The Importance of Fast-Paced and Dynamic eLearning

There are several areas in which eLearning differs greatly to teaching in a classroom. Some of these present advantages, others offer problems that need to be considered when devising and presenting an eLearning course. One of the biggest problems is keeping the students interested, another is giving them the incentive to log on and learn.

Many who take advantage of an eLearning course will be doing so as it can be studied in their own time. This means they don’t want to be putting large segments of time aside to learn. They want it delivered quickly and in an engaging and informative way. Hence the importance of fast-paced and dynamic learning. What do we mean by this? Here’s a bit more detail.

Fast-Paced eLearning

By fast-paced we mean getting to the point quickly and in an informative manner. No matter the subject you are teaching, when in an eLearning environment it is important to cut to the chase. Do away with any ‘filler’ that may be involved in the classroom element. Cut the sessions down to short and informative segments to attend to the problem of attention span.

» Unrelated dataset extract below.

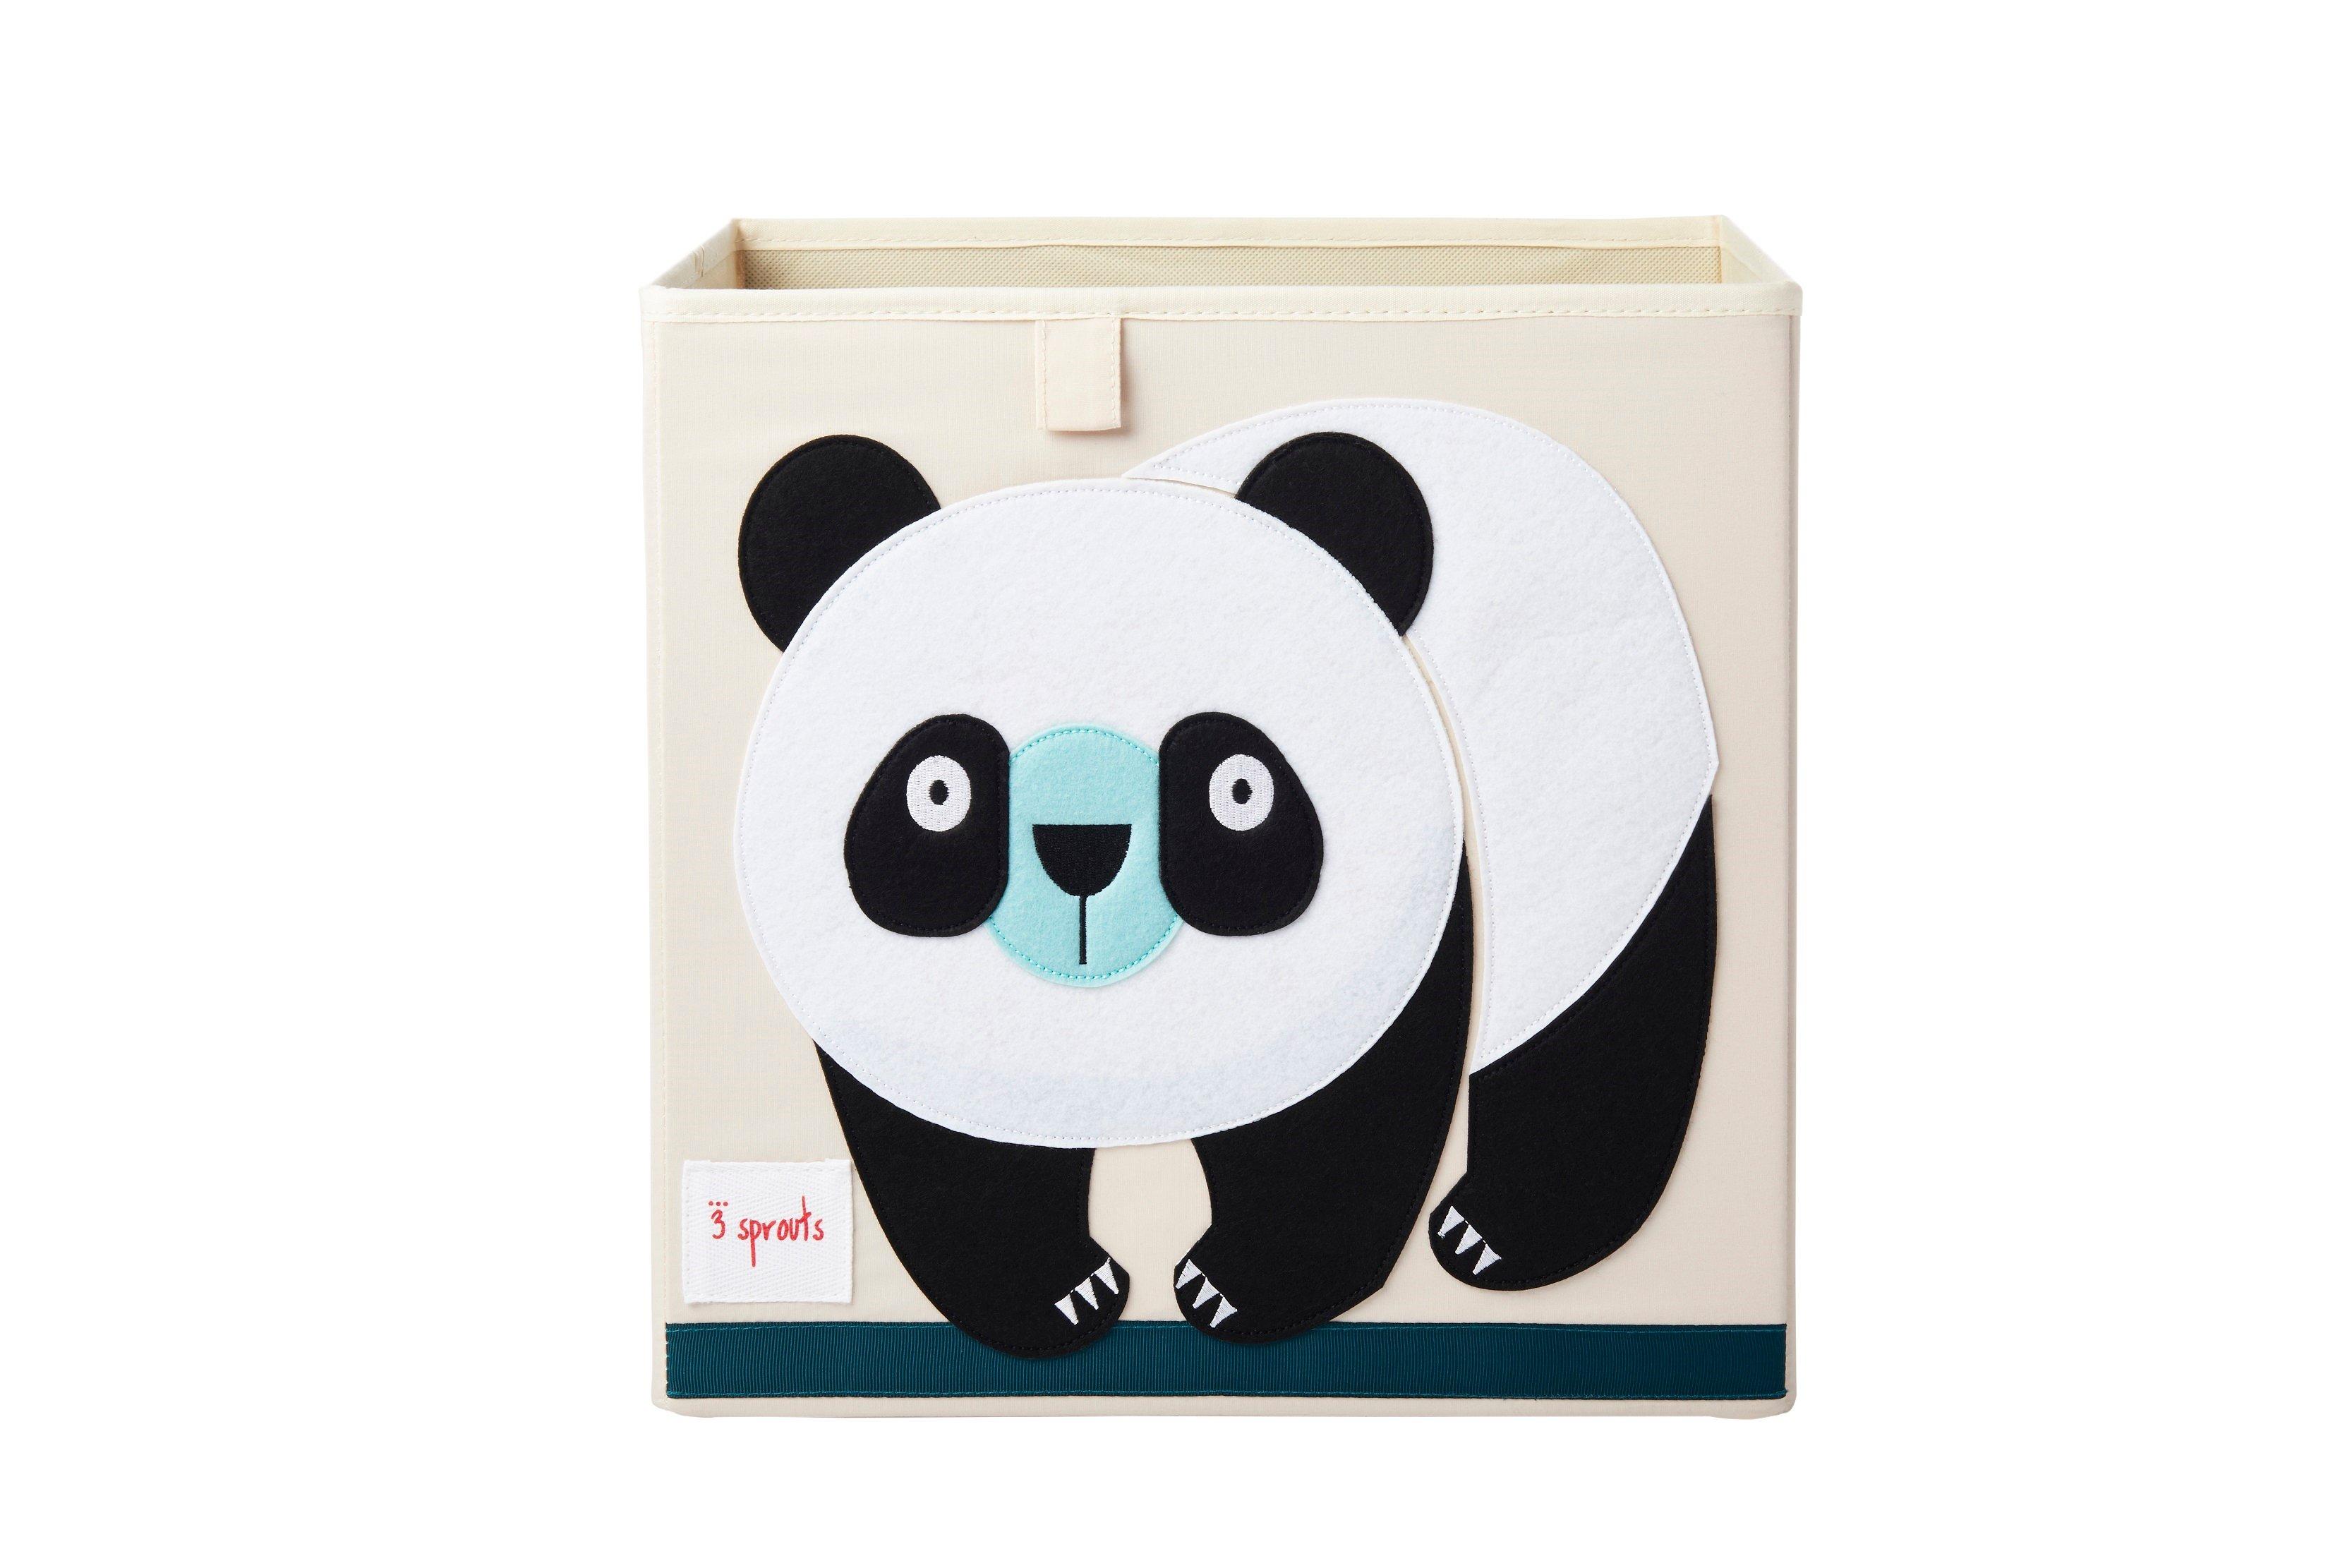 3 Sprouts - Storage Box - Black & White Panda
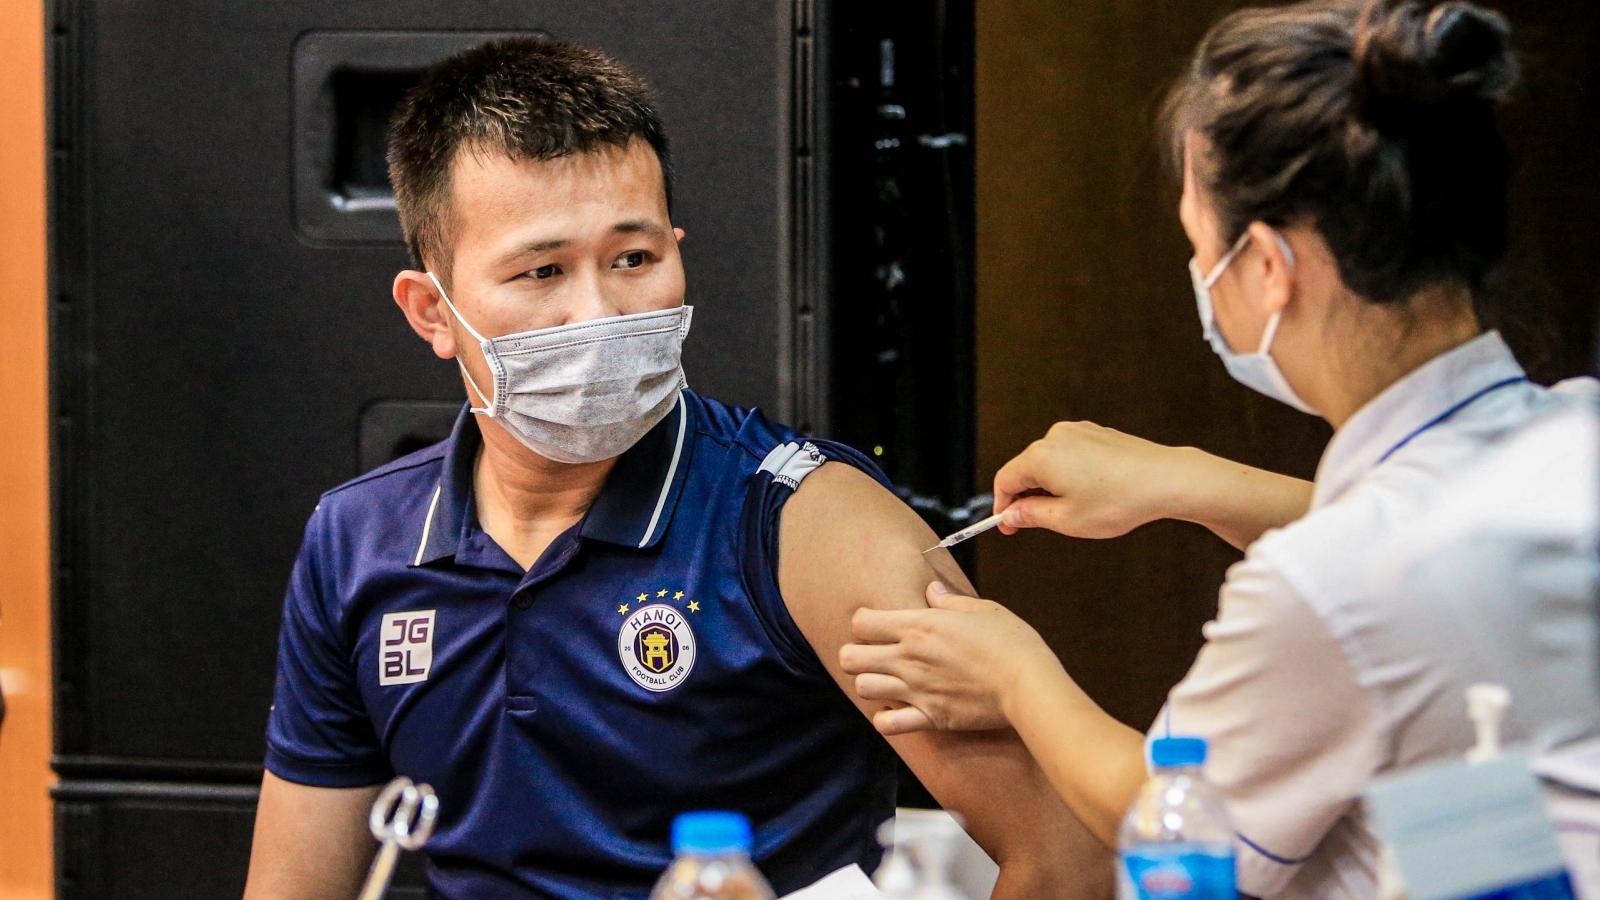 100% thành viên của Hà Nội FC đã tiêm 2 mũi vaccine Covid-19

An eLearning student wants a session that they can fit in when they have a few minutes to spare. You might want to cut an hour-long lecture down into four or five sections. The advantage of this is that at the end of each section you can ensure the student comes away with something that is of value to them. Also, as it is a short session, they can re-run it in their own time. By giving them the information they want and need quickly, you are giving them a reason to complete the course.

Dynamic eLearning

A dynamic approach is important in eLearning. For example, let’s say you’re teaching Shakespeare. You could simply tell your students to read Hamlet and then write about it. Many tutors do, in the classroom environment, and this is an example of static learning. In truth, it teaches very little other than what is on the page.

A dynamic approach could be to give the students a certain section from the play – even if it is a particular speech – and use it as the basis of your short session. You could show it via video, so the student can watch it more than once. Then, you could perhaps ask them to rewrite it in a modern setting, for example. Or to explain it in a set number of words. This is dynamic, and engaging, as it involves the students more than simply reading words.

Dynamic eLearning is about interaction and involvement. It is engaging and enjoyable. The above is just one simple example. You might ask your students to set a questionnaire, or for an arts course to design a product. It’s about giving them the incentive to become involved, and to learn in the process.

eLearning is a fast-growing medium and on that will take a firm hold, and dynamic teaching is essential for student engagement.